Because the majority of the boxplot lies to the right (and thus above) the \(200lb\) specification, the production criteria do not appear to have been met.

Let the given be:

\(\begin{array}{c}n = 30\\\mathop x\limits^\_ = 206.73\\s = 6.35\end{array}\)

Assume: \(\alpha = 0.05\).Claim that the average is equal to \(200lb\) per price.
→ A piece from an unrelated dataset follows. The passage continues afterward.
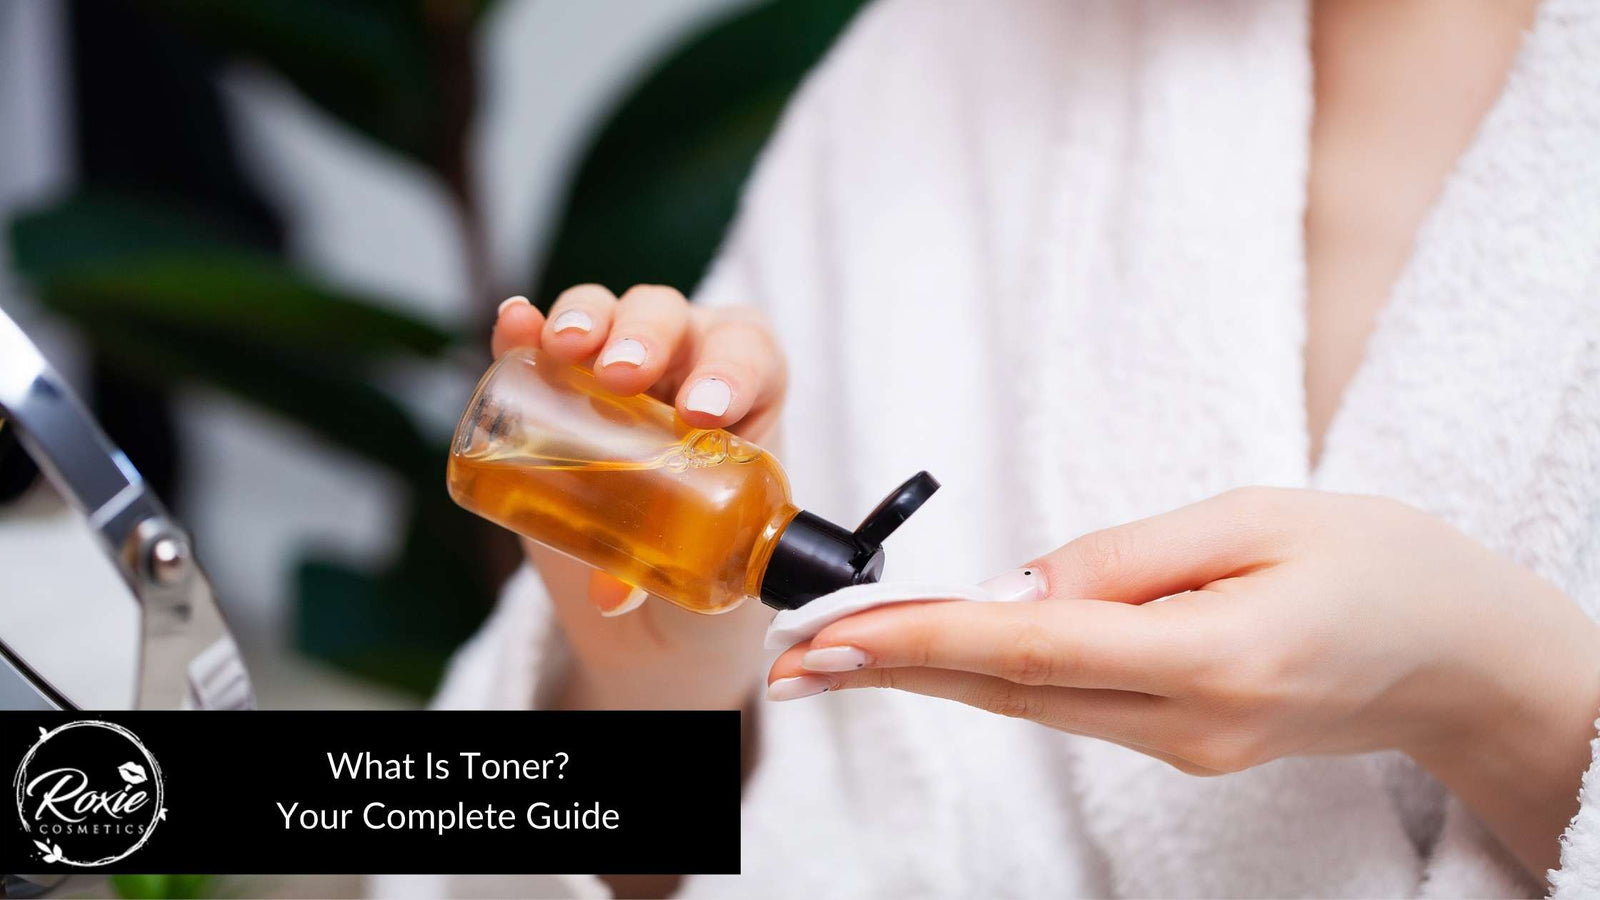 What Is Toner? Your Complete Guide

The given claim is either the null hypothesis or the alternative hypothesis.

The value of the test statistic:

\(\begin{array}{c}t = \frac{{\bar x - {\mu _0}}}{{s/\sqrt n }}\\ = \frac{{206.73 - 200}}{{6.35/\sqrt {30} }}\\ \approx 5.805\end{array}\)

The P-value is the chance of getting the test statistic's result, or a number that is more severe. The P-value is the number (or interval) in the column header of the T table in the appendix that contains the t-value in the row \(\begin{array}{c}df = n - 1\\ = 30 - 1\\ = 29\end{array}\) for the student.

\(P < 2 \times 0.0005 = 0.001\)

As the P-value is smaller than the significance level, so the null hypothesis is rejected.

\(P < 0.05 \Rightarrow {\rm{Reject }}{H_0}\)

The true average weight is different from \(200lb\) per price is supported by appropriate evidence.